Мишка уже не слышал последние слова, рванул вожжи из рук деда, натянул их изо всех сил. Ветерок остановился, и даже удар дедовской плетки его не столкнул с места.

— Ты чего мерина остановил? — испуганно спросил дед.

— Назад поедем! — заорал Мишка и начал поворачивать Ветерка, захлопал вожжами по его крутым бокам, зачмокал губами.

Наверное, дед не ожидал такого решения Мишки, несколько секунд удивленно хлопал глазами, а потом быстро по-молодому соскочил с повозки, забежал вперед, повис на оглоблях. Мишка тоже спрыгнул, подскочил к деду, попытался его оттолкнуть от повозки.
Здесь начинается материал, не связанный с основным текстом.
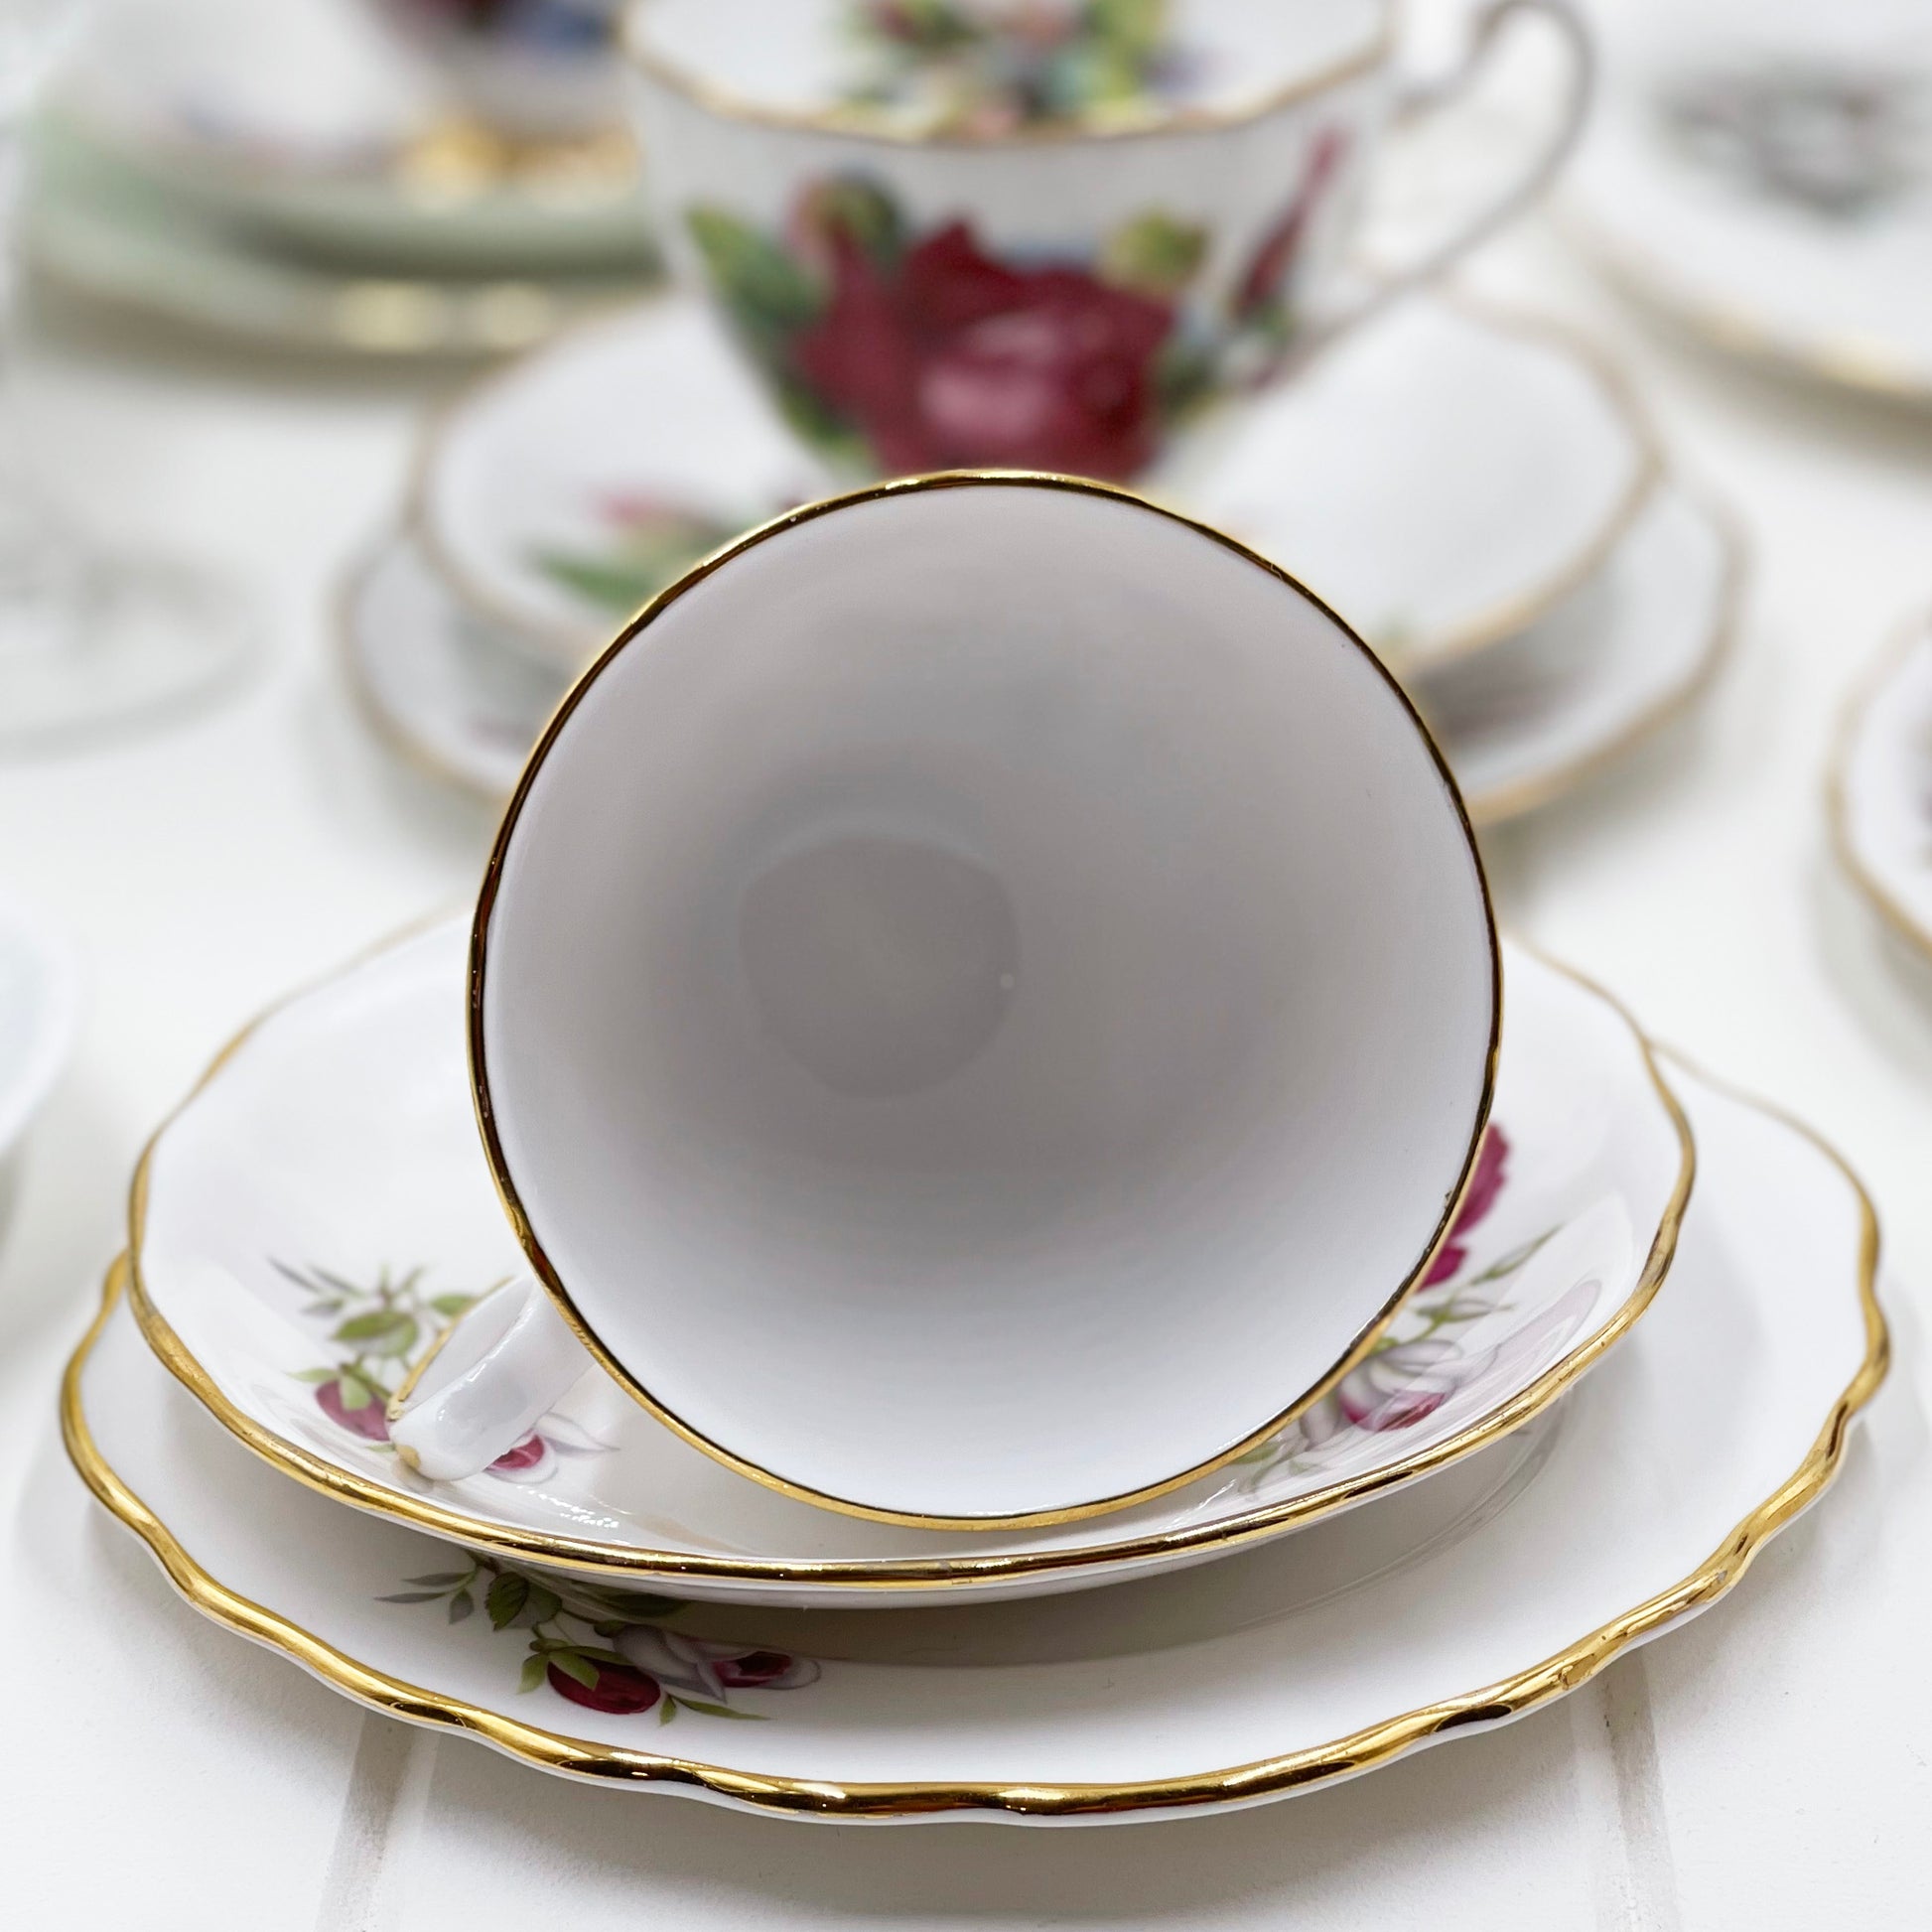 Royal Albert, Shelley, Queen Anne, Duchess, Colclough Crazy High Tea Set

— Ты что, сдурел? — закричал дед.

— Это не я сдурел, а ты, — Мишка рвал на себя повод, вцепившись обеими руками. Но, видимо, силен еще был дед Поликарп, лошадь стояла как вкопанная.

Мишка в сердцах сплюнул, чуть отступил от повозки. А дед опять резво вскочил на сиденье, начал поворачивать лошадь назад.

— Чумовой, ей-богу, парень, — кряхтел дед. — Ты хоть скажи, чего взбеленился, что случилось?

Мишка заговорил треснувшим, с надрывом, голосом:

— А ты не понимаешь, что случилось? Да это же грабеж средь белого дня! Сколько же их, червонцев-то, надо Яскалу, врачихе? Скоро без штанов ходить будешь…

Петрован глядел на них удивленно, а дед обернулся, усы его опять встали торчком, оголяя желтые прокуренные зубы:

— Дурак ты, Мишка! Не мной сказано: не подмажешь — не поедешь. Птичка, она по зернышку клюет, а сыта бывает, тем и рада. Ты думаешь, все по справедливости живут? Как бы не так, держи карман шире…

— Ну не знаю, как все, а этой я больше не позволю. — И Мишка круто, на одной ноге повернулся, пошел назад, в город.

Расстояние между ними увеличивалось, какое-то время повозка еще двигалась в сторону дома, а потом повернула назад.

На повозке Петрована уже не было. Может быть, тот сам больше не хотел смотреть на их ссору с дедом, пошел домой пешком, а скорее всего дед просто-напросто согнал его с повозки за длинный язык, что называется, чтоб не все рассказывал, чай, не маленький, соображение иметь надо.

Дед нагнал Мишку уже в городе.

— Миш, а Миш, — каким-то заунывным голосом заканючил дед, — ты скажи хоть, что надумал?

Но Мишка не ответил, шагал отрешенно, сосредоточенно, а перед самым рынком на бег перешел и единым махом вскочил на крыльцо ветстанции, забарабанил в дверь. Но, видимо, там уже никого не было. Мишка с силой еще пару раз ударил сапогом в дверь, она ухнула, но не открылась.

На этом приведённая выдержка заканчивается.